Inspiration
Typography
‘Hot’ Metal type in North America
by Philip Kelly on 28/05/2012Travelling back to New York and the Midwest for a few weeks I arrive in my old neighbourhood of Cobble Hill in Brooklyn. After a much needed sleep I get up and wander on Court Street where I walk past celebrated type designer Tobias Frere-Jones sipping his morning coffee as he walked to the subway. This got me thinking about his photo archive and documentation of New York City’s vernacular signage as a source for his typefaces designs –most notably Gotham– along with a general trend for revivalism in contemporary type design. There is a constant cycle whereby designers look to historical forms for inspiration, perhaps this seems more apparent with the explosion of new designs in the Open Type era.
U.S. cities have a wealth of 20th century signage that mirrors their once flourishing economy and the optimism that came with it. With this in mind here’s some alternative ‘hot metal’ type on buildings from my first few days back in the USA.

Firstly, a typical Brooklyn stainless steel and neon restaurant sign still intact on Court Street, just a block from where I saw Mr. F-J with his coffee. A few of these remain but are disappearing as the older Brooklyn businesses close down and are replaced by new retailers, most often with cheap aluminum and plastic 3-D backlit lettering, a poor replacement both materially and aesthetically. The new digitally produced signage won’t last or age as well as this beauty.

Day two in Chicago. On Michigan Avenue outside the 100 story John Hancock Center is an artist’s own revival of a celebrated artwork: Robert Indiana’s iconic Pop type sculpture ‘LOVE’ is retooled as ‘HOPE’ for the Illinois senator who became the first black President of The United States.
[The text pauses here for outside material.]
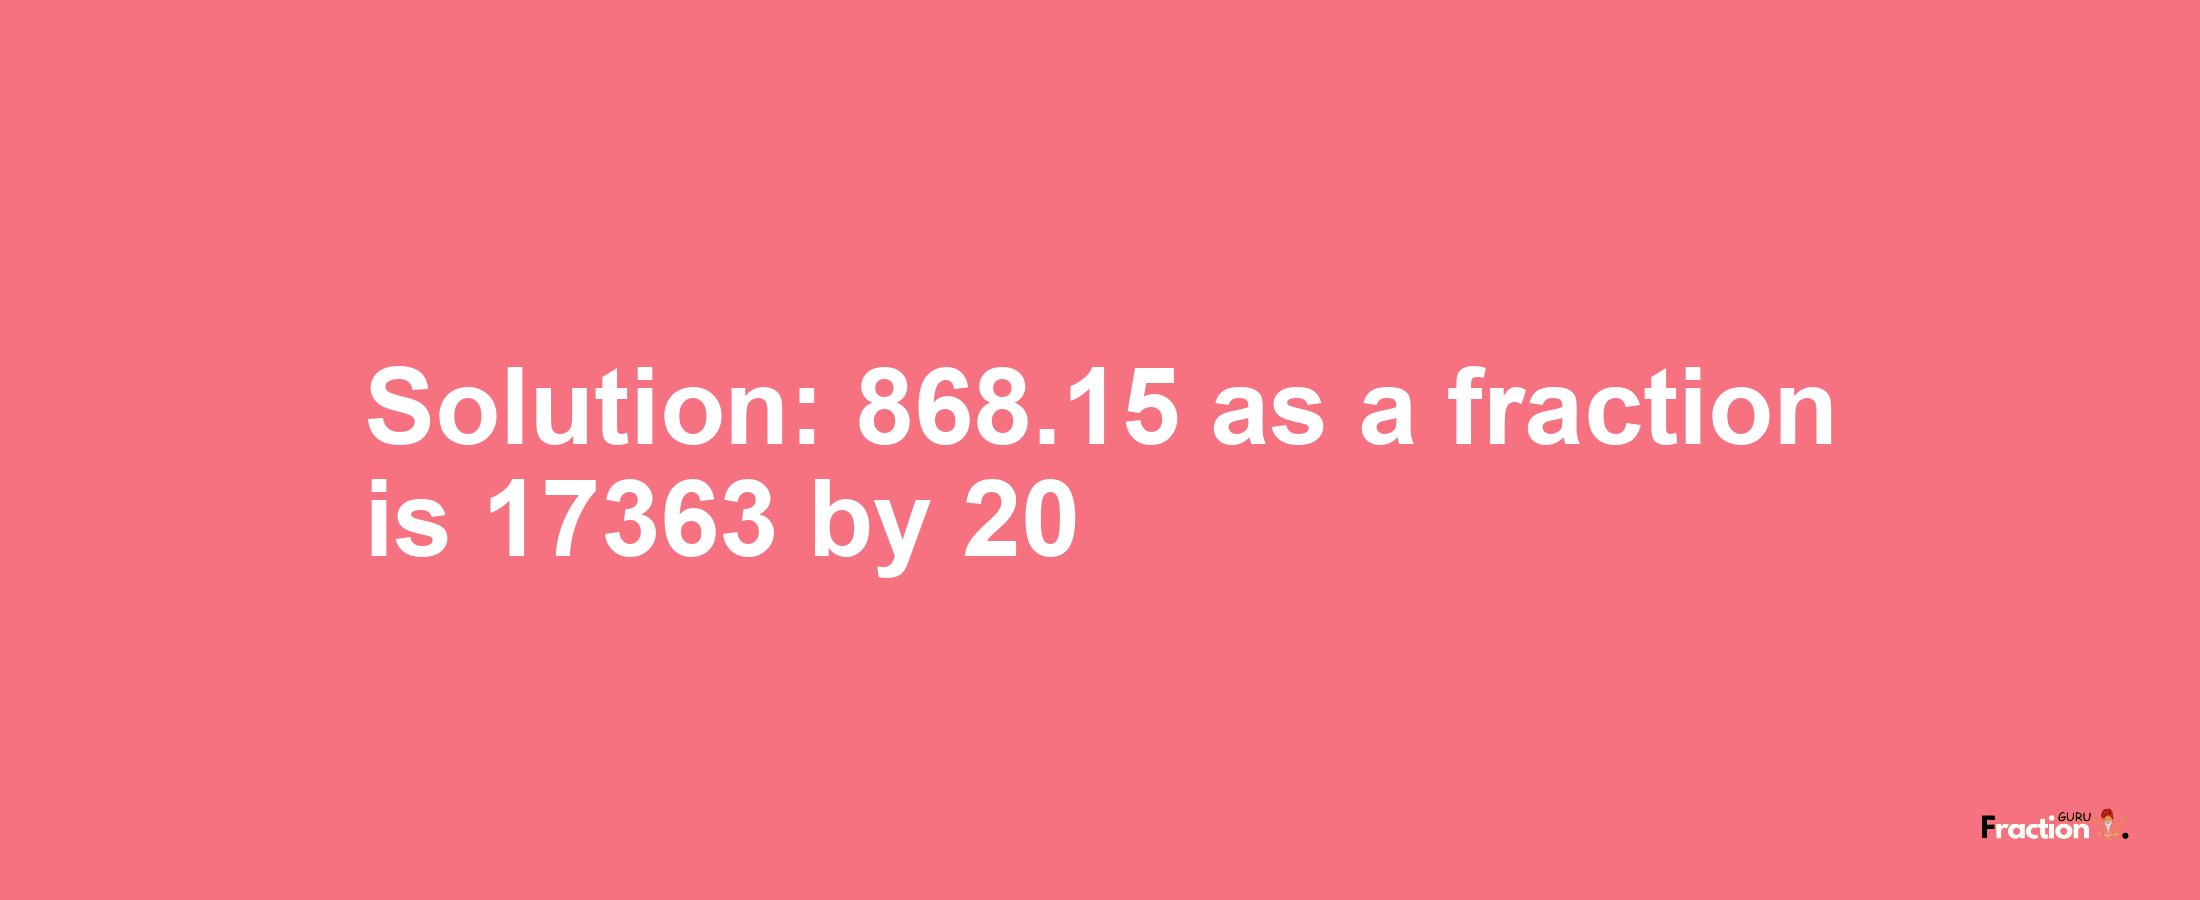 Solution:868.15 as a fraction is 17363/20

It’s a solid piece of stainless Clarendon that harks back to the optimism of the late ‘60s and the gains made in the Civil Rights era coming to fruition a generation later.

Two blocks down towards the water from the Indiana I found this is on a historically listed building next to Mies van der Rohe’s celebrated 910 Lake Shore Drive apartments (more on that shortly). The ‘look and feel’ an early 20th century revivalism itself, with the spare palette of the brass non-lining Garamond numerals against the black lacquered wood a lovely balance between ornament and restraint, which leads us next door to…

…910 Lake Shore Drive. This is one of a cluster of Miesian apartment buildings on the shores of Lake Michigan in Chicago. They are his first completed high-rise buildings and are still a high water mark of modernist reduction and a sublime expression of his ‘less is more’ dictum. The use of Futura in a metallic mirror treatment with a subtle colour refracting quality is an apt compliment to this German modernist’s architecture. Low key but considered with everything in it’s right place.